A major problem with this interpretation is that the form of bread is annihilated, whereas Thomas thinks the form of bread is also converted into the form of Christ’s body (admittedly with a qualification; see ST III.75.A6repl2 for details).
But perhaps we should make another move. Suppose that we have a non-Aristotelian account of individuation that works as follows: for any two created things, B and C, there is a relation that B has to C that individuates B from C and a relation that C has to B that individuates C from B. We can imagine each created thing having a vast number of labels. Somehow Alice has written into her being “I am not Bob” and “I am not Seabiscuit” and “I am not Oak Tree #18289”, and Bob has written into his being “I am not Alice” and “I am not Seabiscuit” and “I am not Oak Tree #18289”. This relational account of individuation does not require form or matter. It is not very Aristotelian. But it has a great theological merit: it makes the individuation of creatures be an image of the individuation of persons in the Trinity, which also proceeds (according to Western Christians) by opposed relations. Now imagine that God slices off of Alice the label “I am not Seabiscuit.” Instantly, Alice is converted into Seabiscuit. (Of course, it’s not right to say that Alice is Seabiscuit now. In this respect, it’s like when Bucephalus turned into a cadaver: Bucephalus and the horse-shaped cadaver are distinct entities.)

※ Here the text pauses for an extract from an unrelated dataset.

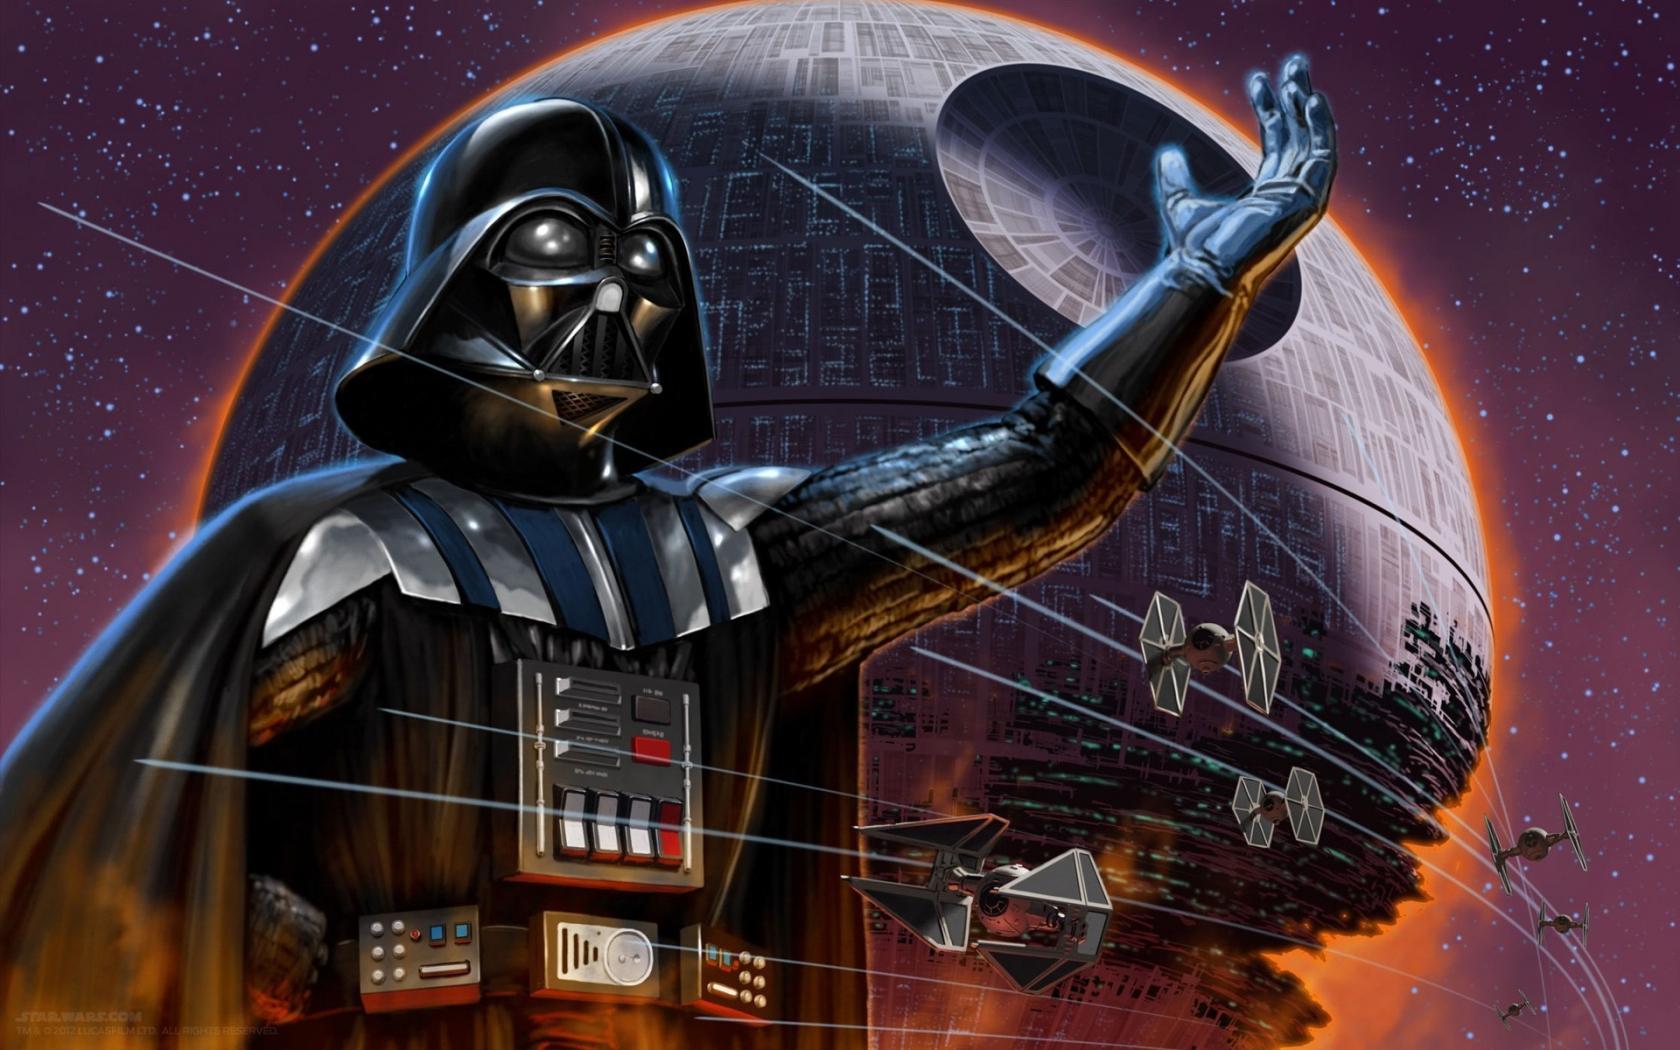 Free Download Wallpaper Hd Darth Vader Star Wars Character
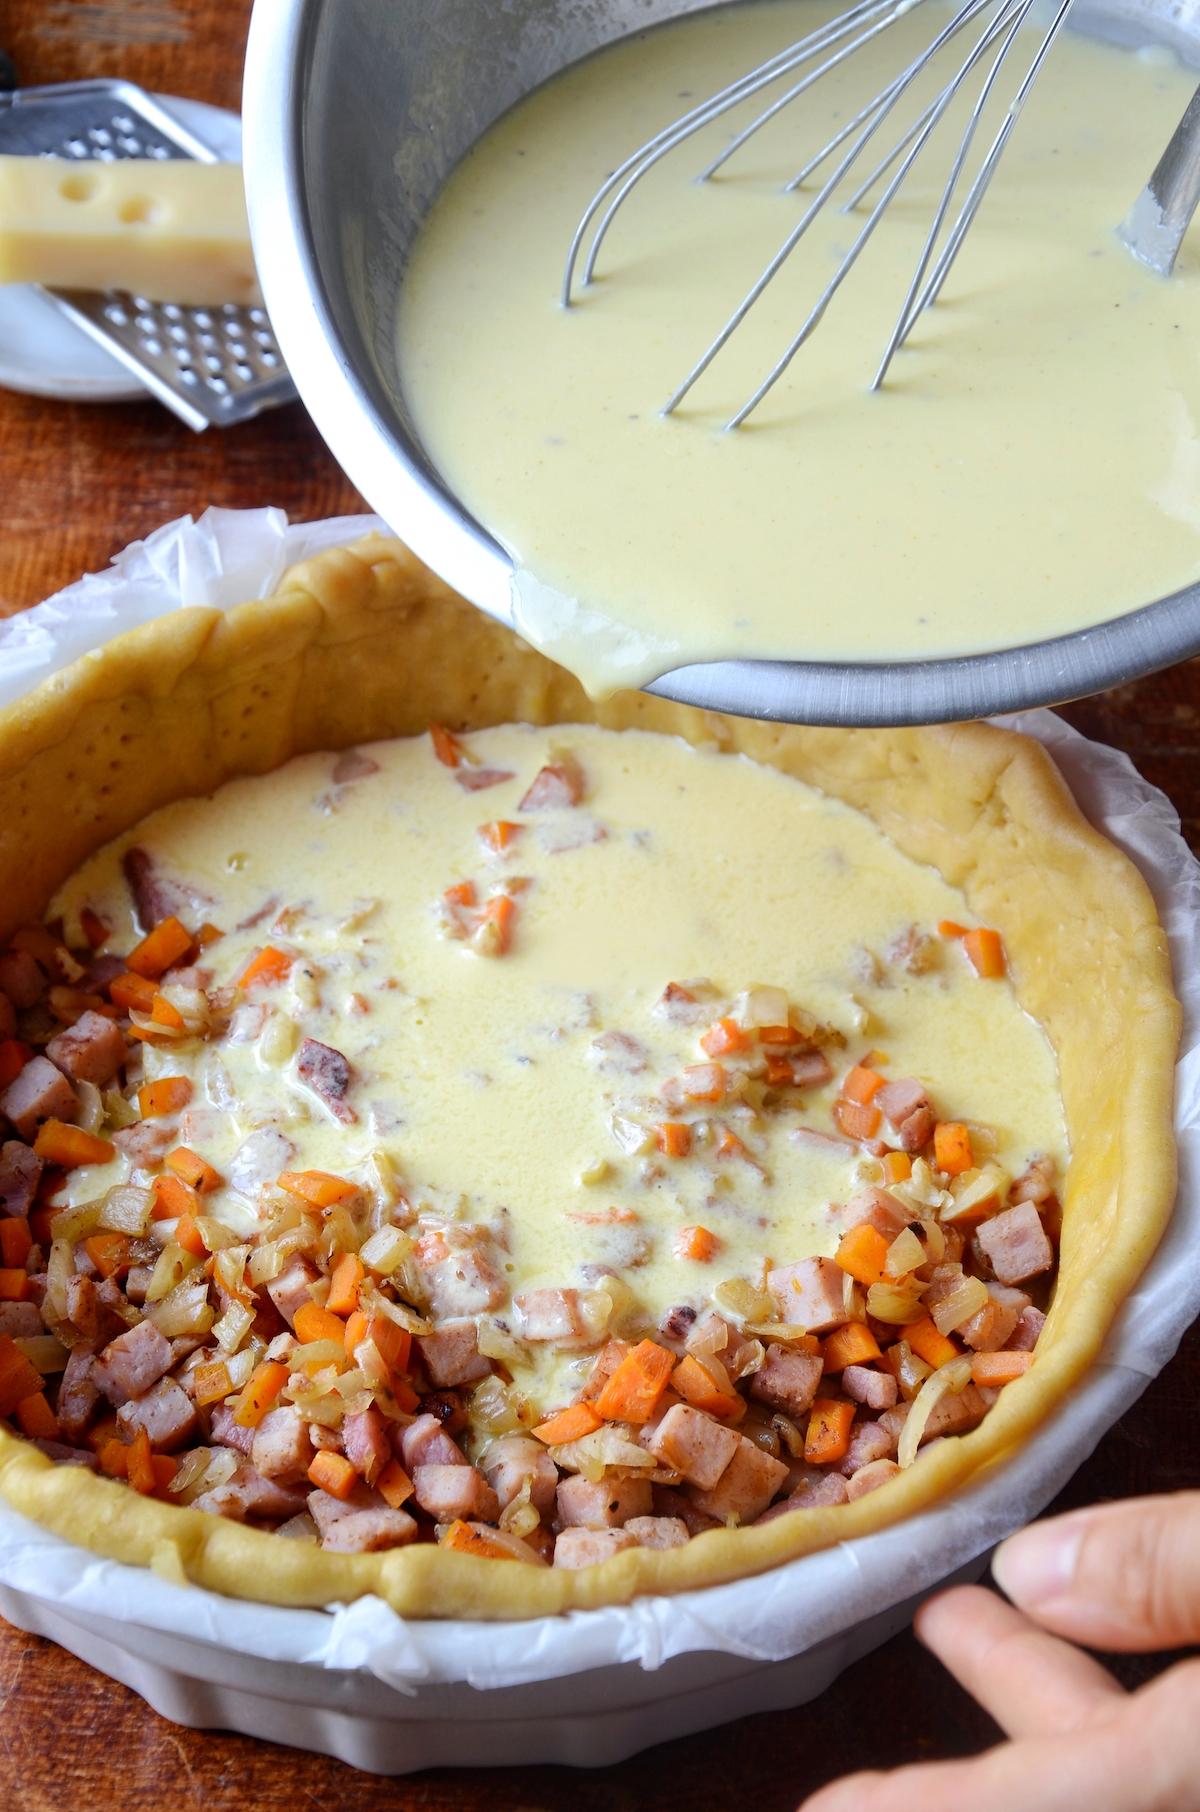 recette quiche lorraine épaisse et moelleuse jambon lardon oignon carotte

The exegetical problem with this interpretation is that it forces one to reject the standard Aristotelian story about individuation across species being by form and within a species being by matter. Instead, individuation is always by “individuating relations”. I am happy with this, because I never liked the standard Aristotelian story. But it makes it unlikely that the story is what Thomas has in mind.
But suppose one wants this to be more Aristotelian. Here is a way to do this. Take the orthodox Aristotelian account that across species individuation is by form and within species by matter. This account leaves unanswered the question of what makes a human form and a horse form different, as well as the question of what makes Peter’s matter different from Paul’s matter. Suppose we answer these questions by the relational account, thereby combining the Aristotelian account with the relational. Thus, a human form has (perhaps primitive) distinctness relations to all other kinds of forms, and Peter’s matter has a (perhaps primitive) distinctness relation to all other chunks of matter.
We can now imagine the following happening. There is bread on the altar. At the moment of consecration, God (a) removes from the bready form that which distinguishes it from a human form and (b) removes from the bread’s matter that which distinguishes it from Christ’s matter. Step (a) ensures that now the bread has human form, while step (b) ensures that the human form is that of Christ, since within a species the numerical distinction of forms is due to matter.
This last account is quite Aristotelian, and only requires that we go one step further than Aristotle by supposing an answer to the question of what makes different kinds of forms different and distinct chunks of matter distinct. It’s too Aristotelian for my taste—I don’t want matter to play that much of a metaphysical role. But it is a cool account, I think. And it could be Aquinas’.